Wednesday, May 29, 2019

Custer :: essays research papers

Custers Last Stand The Tragedy of Little Bighorn is such a tale for over a hundred years. This is angiotensin converting enzyme of the most startling defeats in the Military history. More than two hundred cavalrymen were killed in conflict on June 25, 1876. Is General Custer to blame for all this mishap with the waiver of his troopers including himself? Who was the real person to blame? The details arent fully covered in the mystery of what happened at Little Bighorn. The Europeans came to battle with the Indians to conquer the North American farming that hundreds of Indian nations had lived on for thousands of years before the Europeans arrived. The Indians chief, Sitting Bull was a great military, political, and spiritual leader. He had a vision that the whites were going to battle with them. So the Indians were ready for battle. Who knows what would pretend happened if Sitting Bull didnt get his visions. Would they be prepared? Would they have lost more men then they already did? It was a big concern to go to battle because of the loss of his people, but he knew that they were going to be successful with the challenge. The Europeans didnt care about the Indians. all over that Indians live the whites speak of them as lazy, living off the Federal Government, drinking up their dole.
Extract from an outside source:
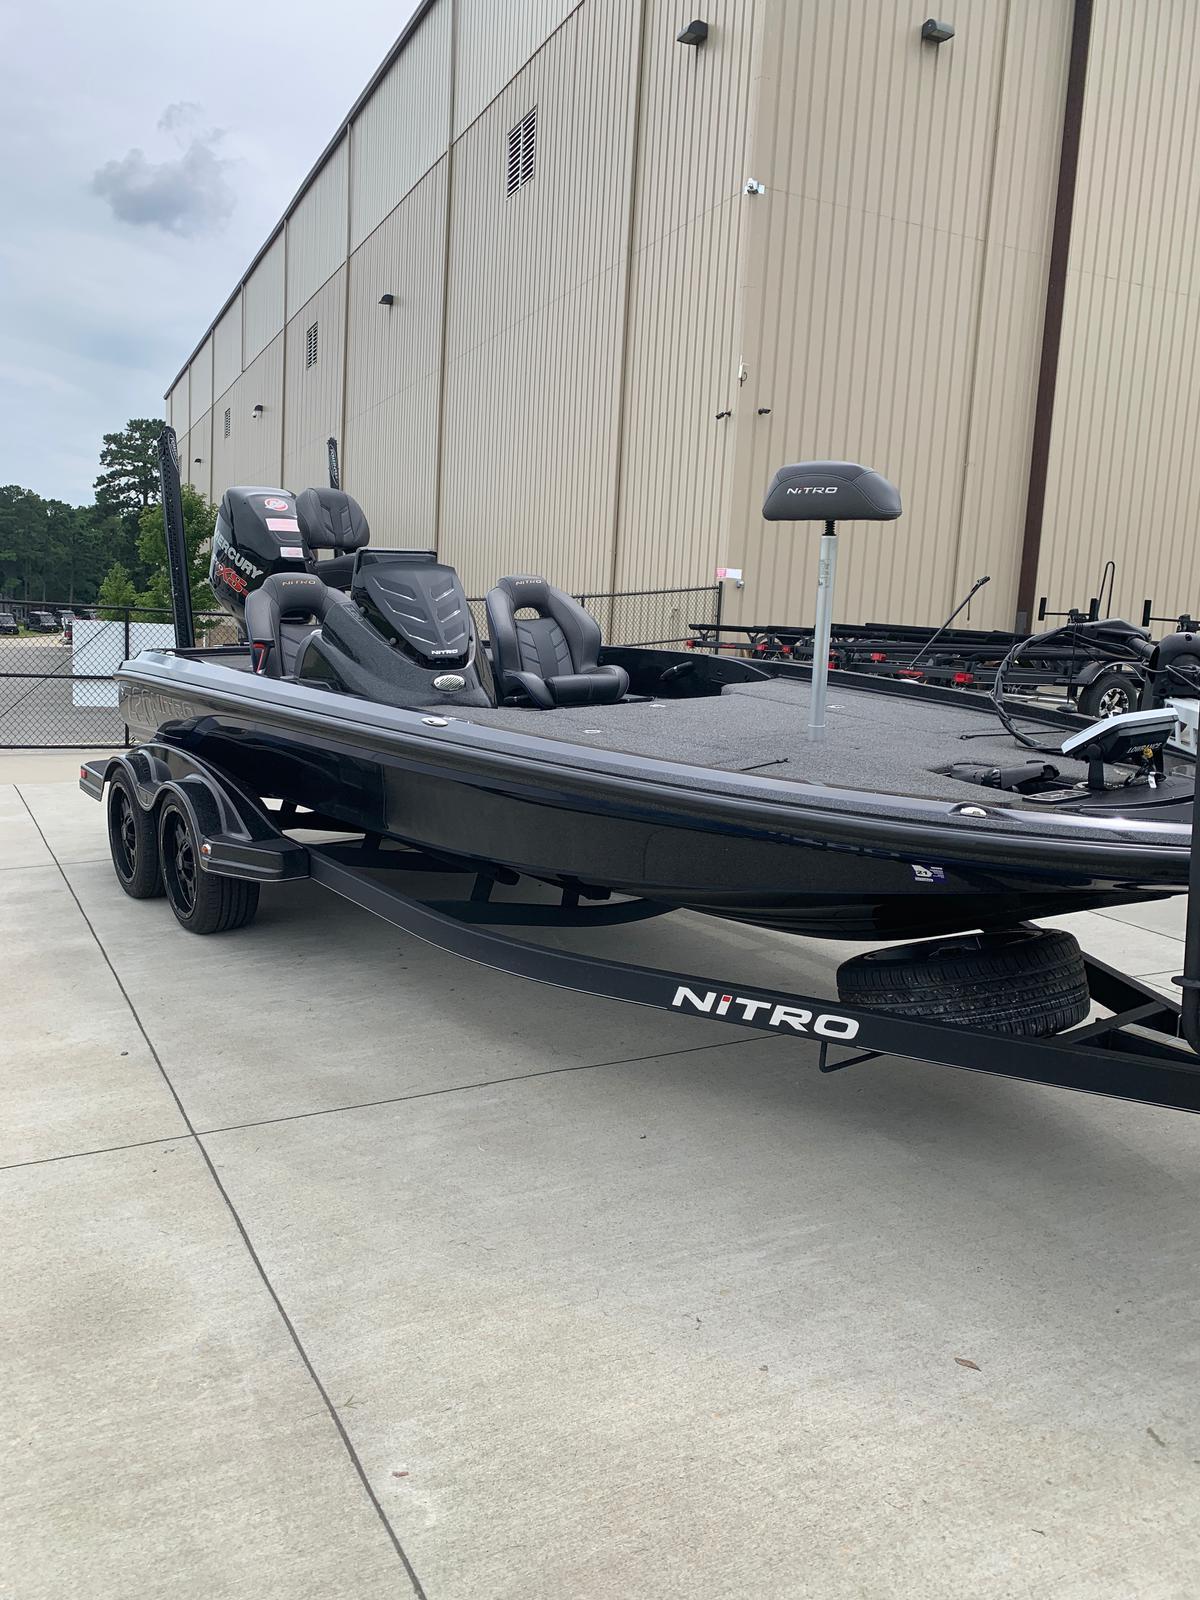 2018 Nitro boat for sale, model of the boat is Z20 & Image # 27 of 32

It is essentially the same view of the Indian that prevailed in the septenaryteenth century. This inwardness that the whites felt strongly about the Indians not caring or being willing to pay for the natural resources that they were using up. All the whites cared about was the value of the land and the natural precious golds that came with it. General Custer and his men had been traveling for on going days without food and water. Lack of energy might have been the case for most of Custers mens deaths including himself. Fresh trails were reported and on June 25th an Indian village twenty miles above the mouth of the subaltern horn was reported about three miles long and half a mile wide and fifteen miles away. Custer pushed his command rapidly though they had made a march of seventy-eight miles in twenty-four hours preceding the battle when near the village it was discovered that the Indians were moving in hot haste as if retreating. Reno with seven companies of the seventh cavalry was ordered to the left to attack the village at its head while Custer with five companies went to the right and commenced a vigorous attack.